Лагерь и литература. Свидетельства о ГУЛАГе - страница 7



. В Веймаре выставка сопровождалась чтением отрывков из «Колымских рассказов» Варлама Шаламова, представленных в анонсе как «принадлежащие к важнейшим текстам о ГУЛАГе наряду с произведениями Александра Солженицына». В 2007 году издано полное собрание рассказов Шаламова, до этого выходивших по-немецки выборочно в 1967 и 1983 годах44. (Насколько широкой аудитории достигли доверенные Коринне Харфух веймарские чтения, остается неясным.)

Документирующий выставку сборник материалов «ГУЛАГ. Следы и свидетельства 1929–1956» содержит впечатляющие изображения экспонатов и подчеркнуто объективные комментарии соучредителя «Мемориала» Арсения Рогинского и одного из ведущих членов этой организации Ирины Щербаковой, а также не только содержательный, но и «объясняющий» творившееся в ГУЛАГе очерк французского историка Николя Верта, которого я упоминала выше.

В 2013 году вышел немецкий перевод написанной еще в 1946–1947 годах автобиографии Юлия Марголина «Путешествие в страну зэ-ка», в которой рассказывается о принудительном труде в онежских лесах и об интеллектуальном искусстве выживания. Она содержит один из самых резких упреков обществу, молчаливо мирившемуся с преступлениями:

Необходимо протестовать против лагерной системы, как самого чудовищного явления современности, в котором заложены ростки мировой катастрофы. Моральная и политическая катастрофа начинается в тот момент, когда методическое и массовое мучительство, увод людей и убийство, практикуемое под прикрытием марксистской и демократической фразеологии, начинает замалчиваться или оправдываться людьми прогресса, людьми Революции, доброй воли (M I 412)45.

Неслучайно наряду с рассказами заключенных и жертв в 2014 году увидел свет и текст об опыте противоположной стороны – теперь выпущенный и в немецком переводе дневник Ивана Чистякова, описавшего принудительный труд на строительстве Байкало-Амурской магистрали (БАМ) от лица вохровца46.

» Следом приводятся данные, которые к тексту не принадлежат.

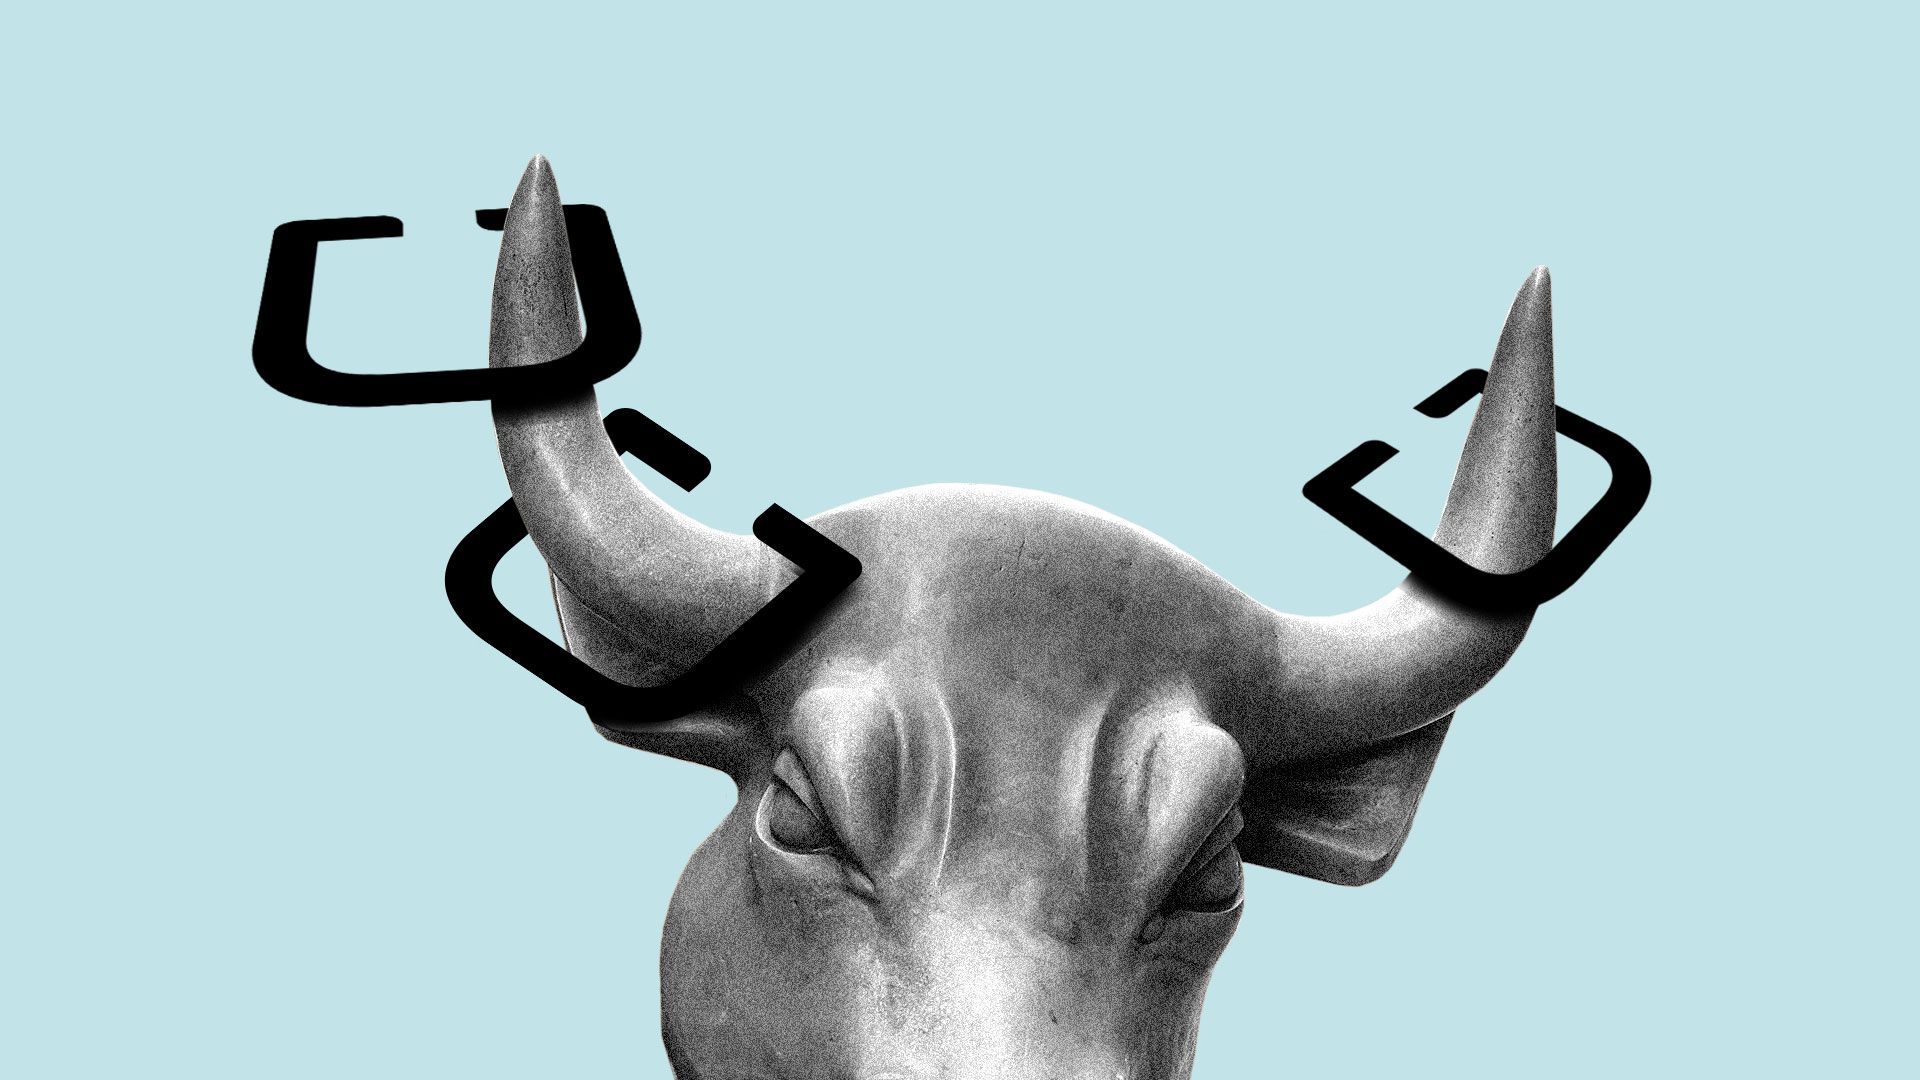 In this illustration, Uber's "U" logo is tossed around the Wall Street bull's horns.

Использованное в новаторской для изучения и интерпретации лагерных текстов работе Леоны Токер «Возвращение с Архипелага: рассказы переживших ГУЛАГ» (Return from the Archipelago: Narratives of Gulag Survivors) обозначение Narratives of Gulag Survivors дало толчок к размышлениям об «инаковости» этих текстов, занимающих промежуточное место между документом и литературой. Сами авторы об этой «инаковости» не высказывались, однако при выборе жанра и стиля руководствовались очевидным стремлением свидетельствовать и бороться с замалчиванием. Под влиянием реалистической традиции большинство пишущих избегали формальных экспериментов, которые могли бы исказить реальность излагаемого. И все-таки эти многообразные тексты позволяют выявить ту или иную «стилистическую волю», которой также определяется интенсивность вызываемых у читателя аффектов: сострадания, отвращения, ужаса, растерянности. Разрыв между переживанием и описанием, страданием и говорением, чудовищностью случившегося и необходимостью ретроспективно использовать язык так, чтобы передать это случившееся в условиях нового настоящего, времени письма, – такова тематика многих лагерных текстов.

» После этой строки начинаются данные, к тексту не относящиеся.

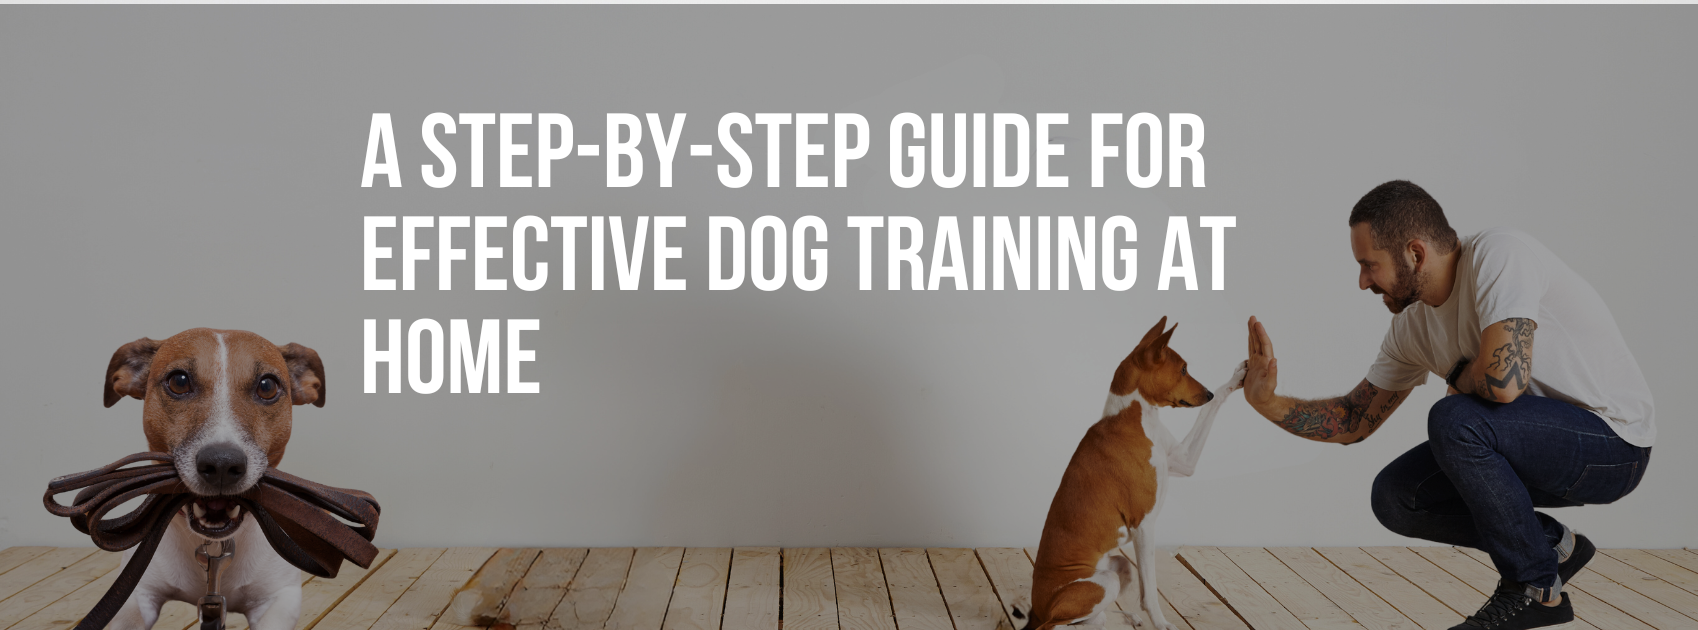 A Step-By-Step Guide for Effective Dog Training At Home

Монография Франциски Тун-Хоэнштейн «Ломаные линии. Автобиографическое письмо и лагерная цивилизация» (Gebrochene Linien. Autobiographisches Schreiben und Lagerzivilisation, 2007) тоже носит литературоведческий характер. Если Токер рисует общую картину известных текстов о ГУЛАГе, то исследовательский интерес Тун-Хоэнштейн направлен на специфику разных способов письма и их нарратологические основания, а также на вопросы мотивации письма. Аргументация обоих исследований ведется в контексте вопросов выразимости/невыразимости экстремального опыта. Вопросы эти в равной мере касаются литературы о ГУЛАГе и литературы о холокосте, а потому отсылки к последней играют роль в обеих работах. Этот двойной взгляд на литературу обеих тоталитарных систем пронизывает и монографию Любы Юргенсон «Невыразим ли опыт концлагеря?» (L’expérience concentrationnaire, est-elle indicible? 2003).